• Source data:
· · · ·

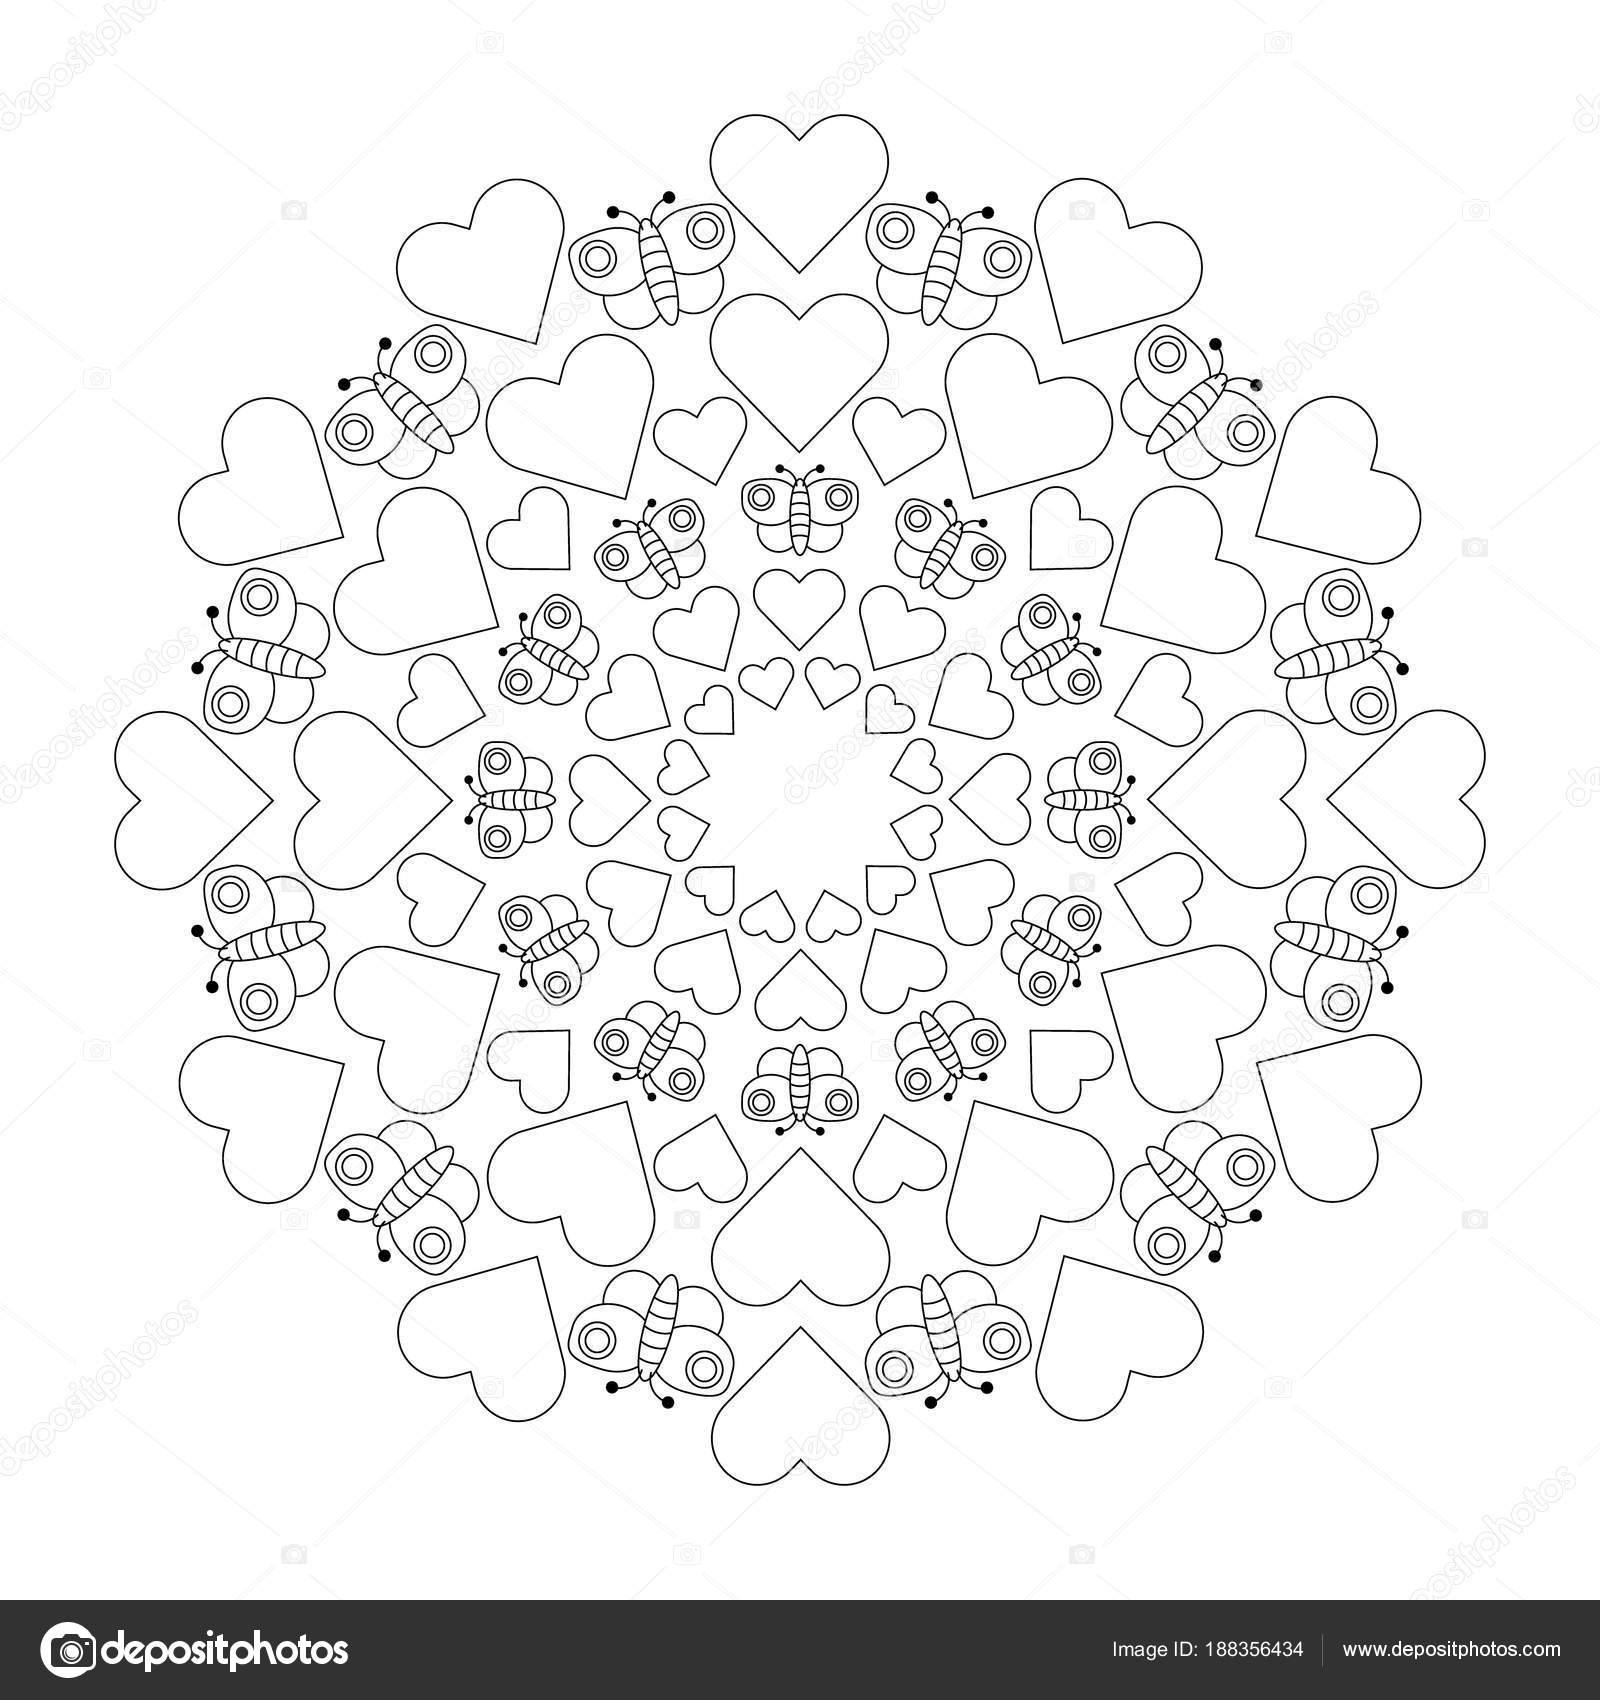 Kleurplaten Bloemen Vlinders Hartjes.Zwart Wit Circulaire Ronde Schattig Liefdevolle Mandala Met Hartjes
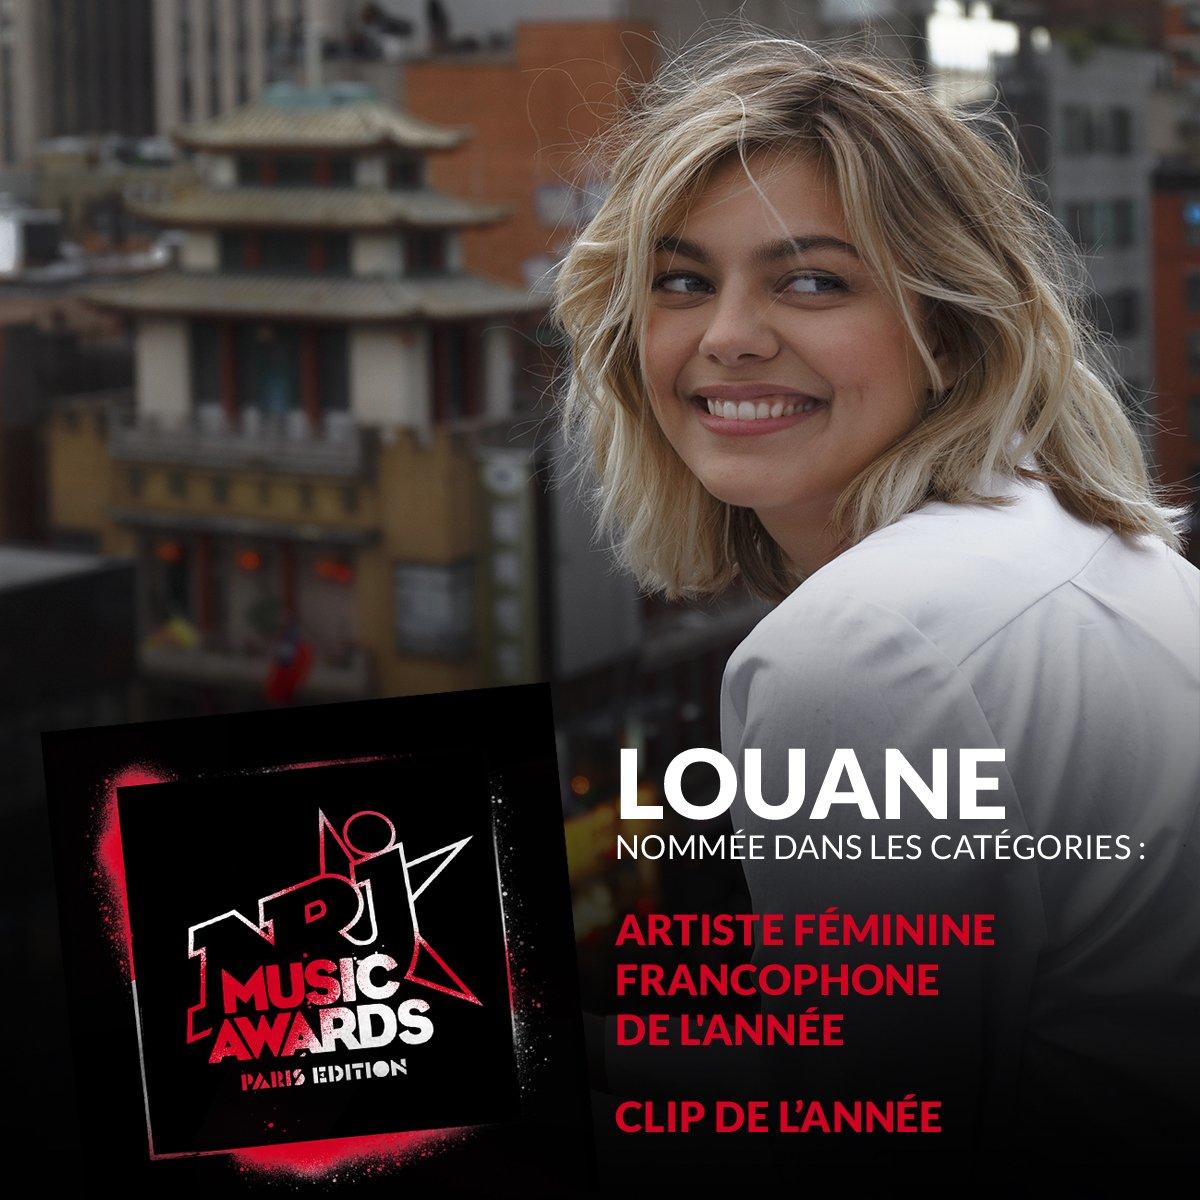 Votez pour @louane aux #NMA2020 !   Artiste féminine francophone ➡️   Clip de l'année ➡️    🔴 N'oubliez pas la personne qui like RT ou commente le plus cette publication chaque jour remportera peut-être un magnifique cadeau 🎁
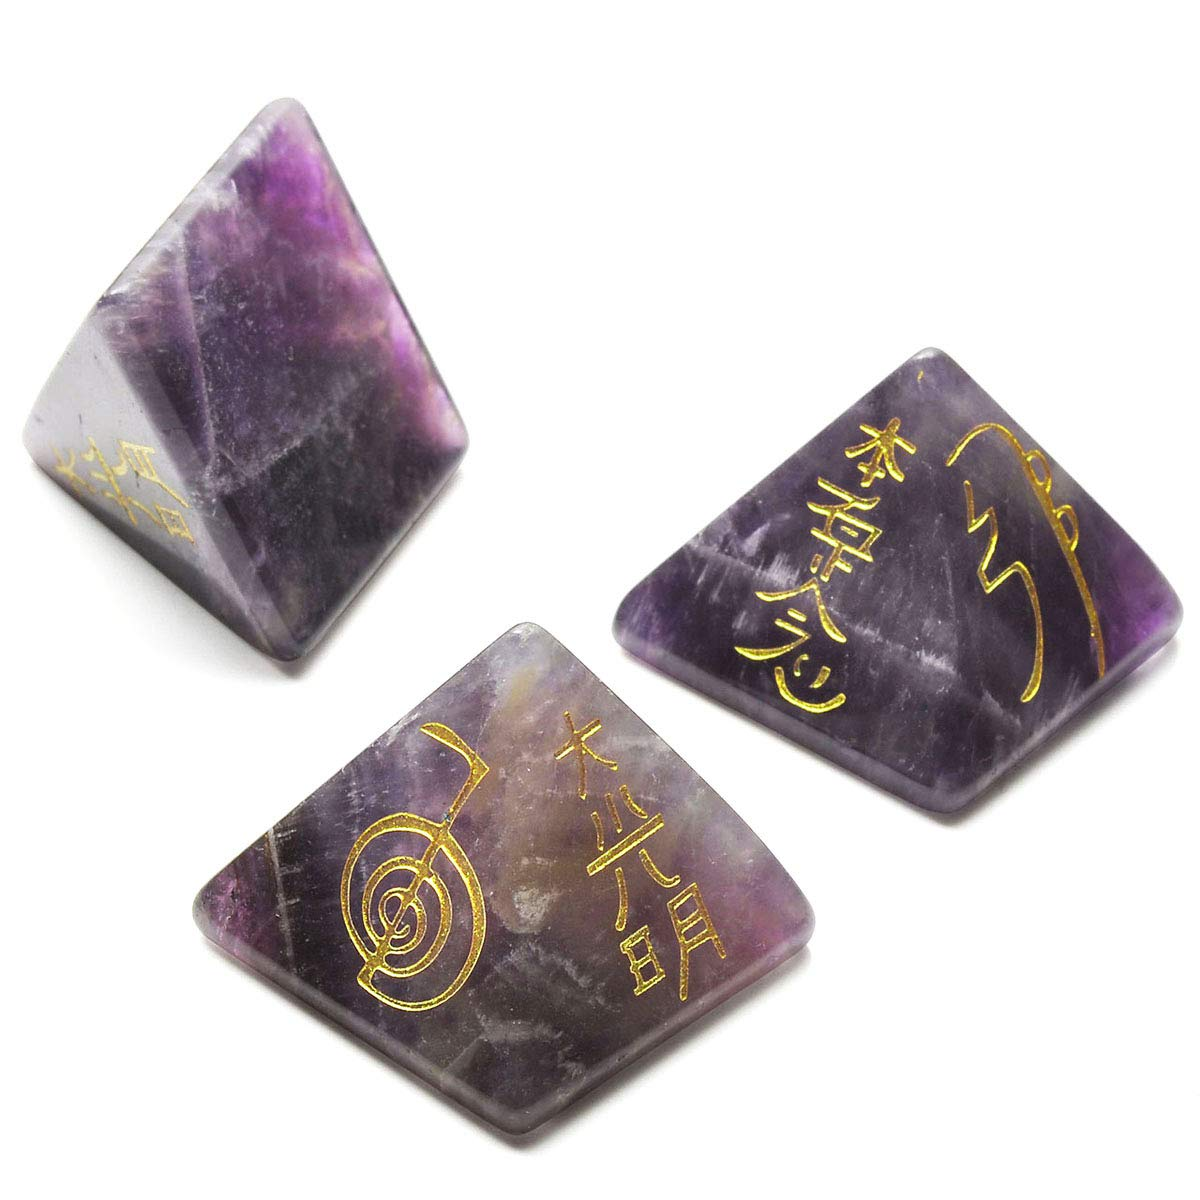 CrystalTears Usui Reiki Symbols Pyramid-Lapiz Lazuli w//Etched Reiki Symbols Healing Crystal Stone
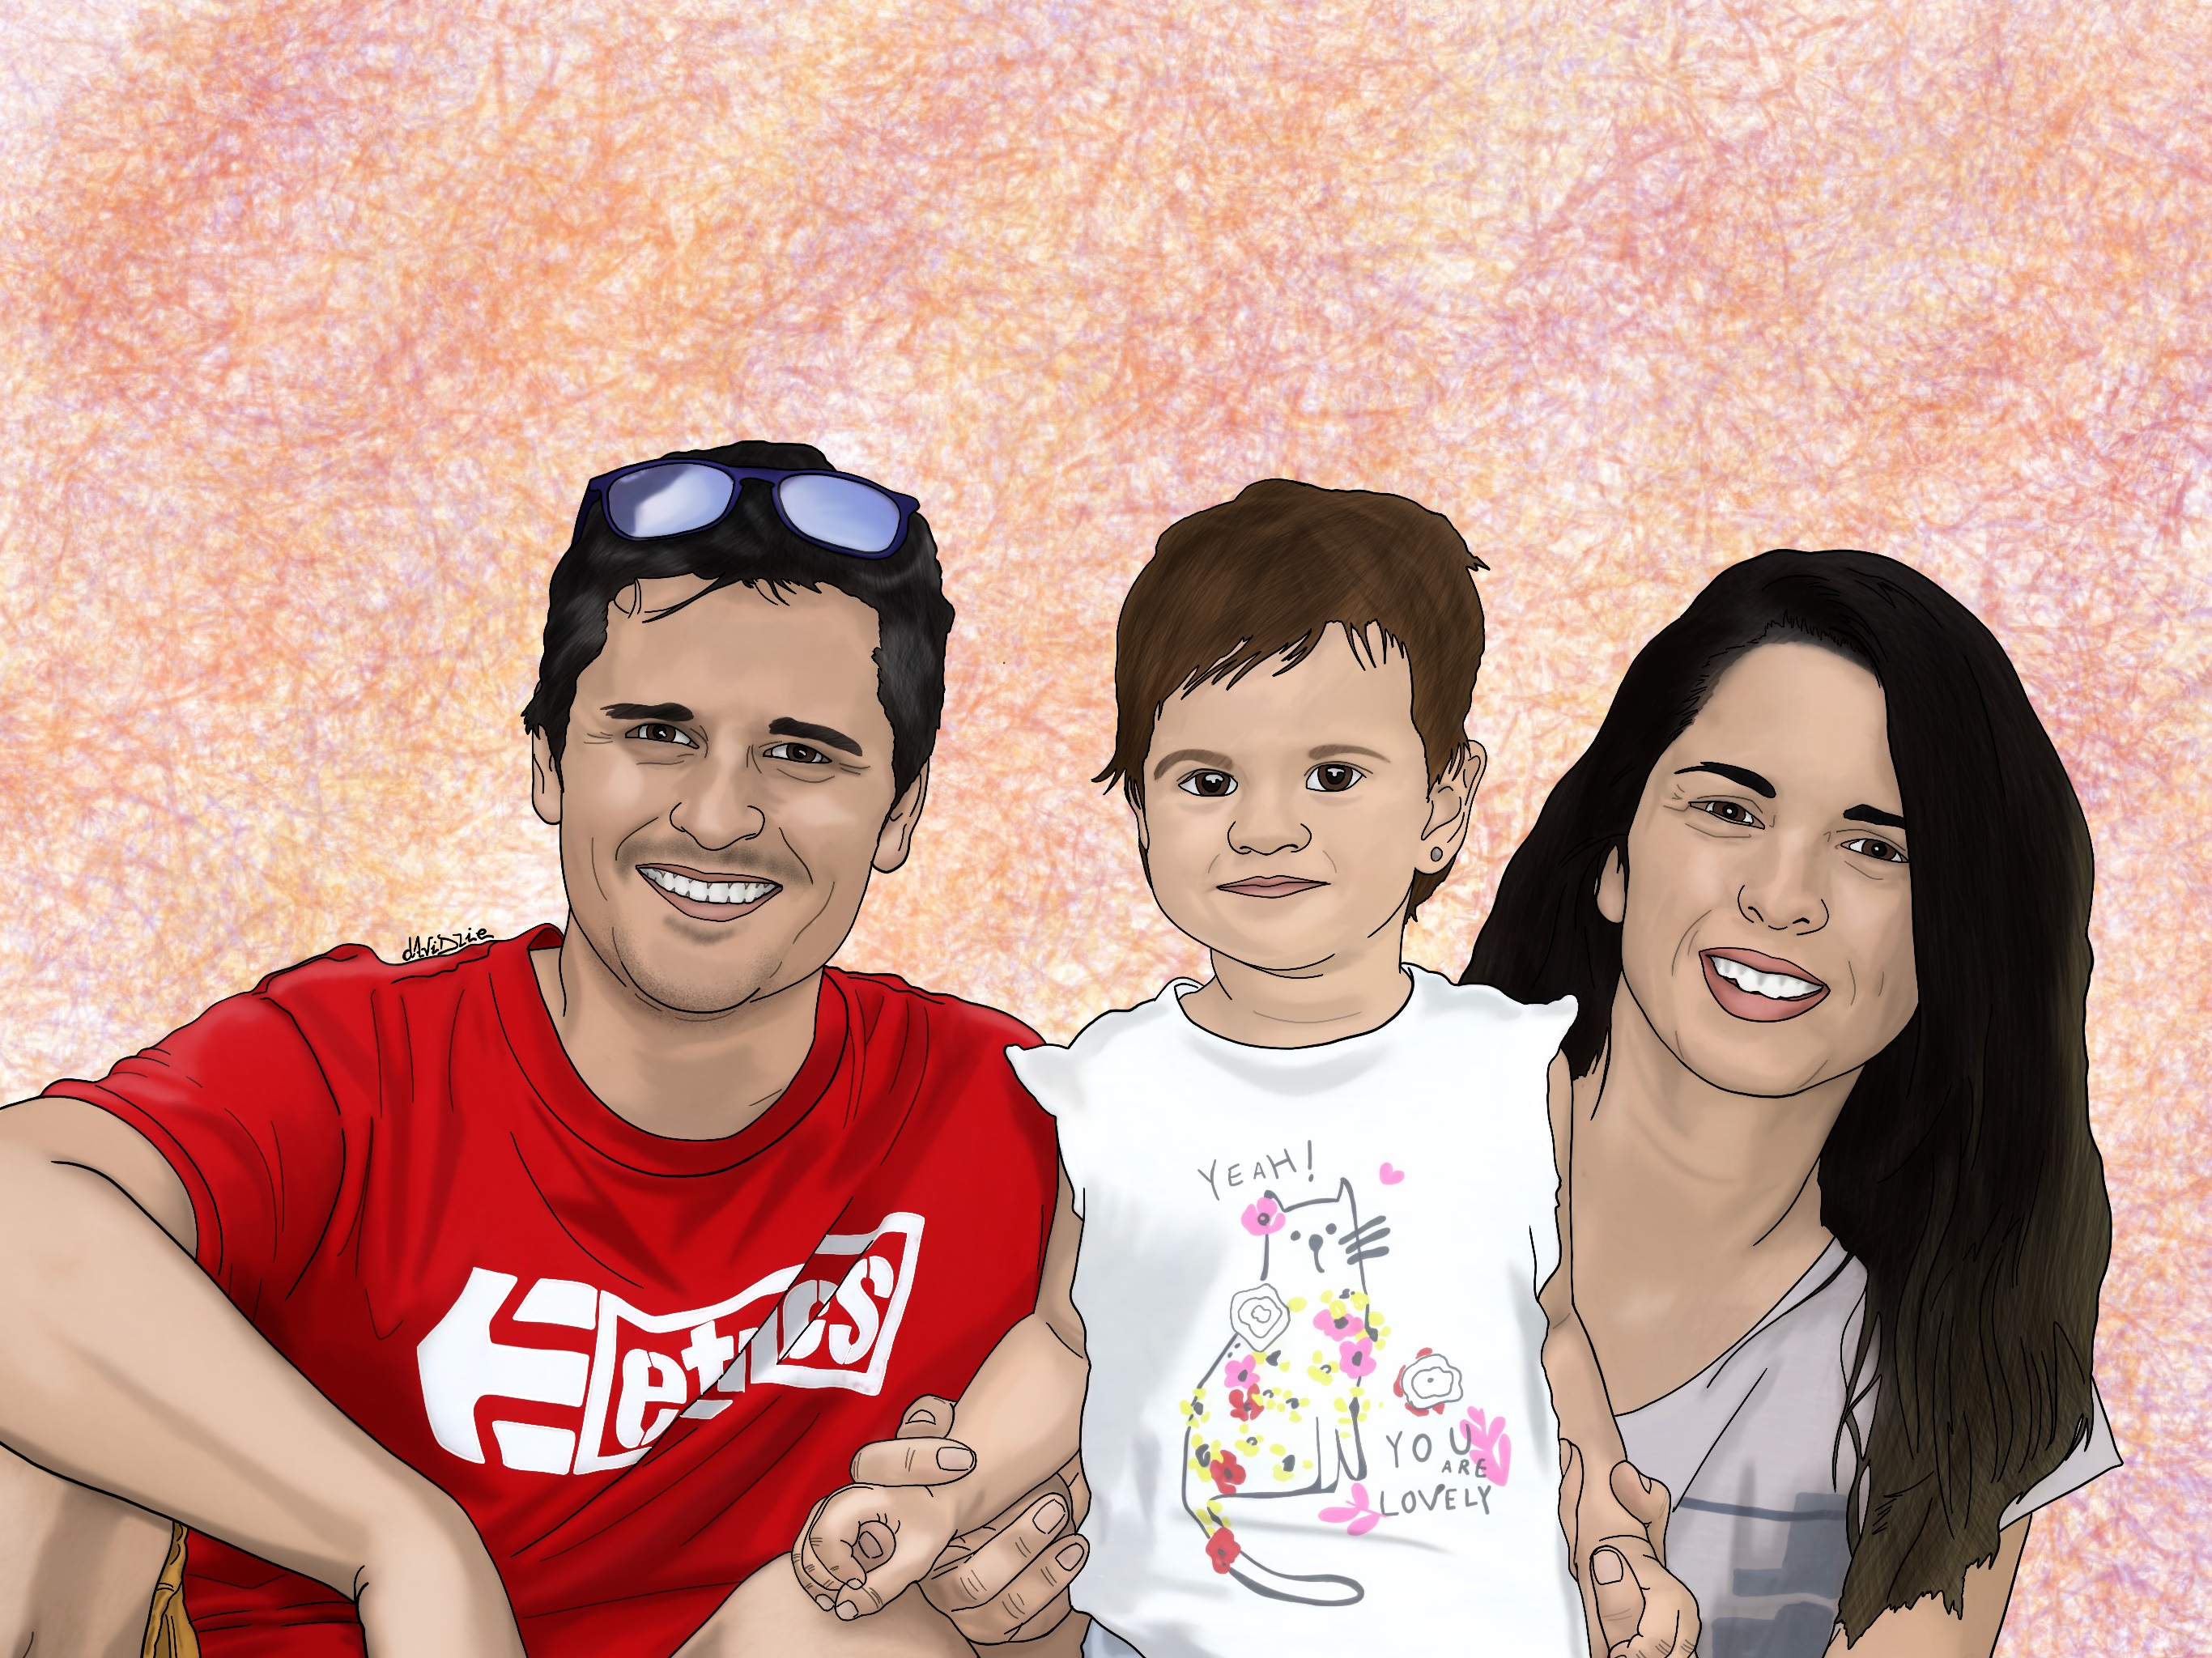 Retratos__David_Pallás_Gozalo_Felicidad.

· · · ·

• Problem statement: Word for word, restate each line above, minus its pictures.

• Solution to this problem:
 Kleurplaten Bloemen Vlinders Hartjes.Zwart Wit Circulaire Ronde Schattig Liefdevolle Mandala Met Hartjes
 Votez pour @louane aux #NMA2020 !   Artiste féminine francophone ➡️   Clip de l'année ➡️    🔴 N'oubliez pas la personne qui like RT ou commente le plus cette publication chaque jour remportera peut-être un magnifique cadeau 🎁
 CrystalTears Usui Reiki Symbols Pyramid-Lapiz Lazuli w//Etched Reiki Symbols Healing Crystal Stone
 Retratos__David_Pallás_Gozalo_Felicidad.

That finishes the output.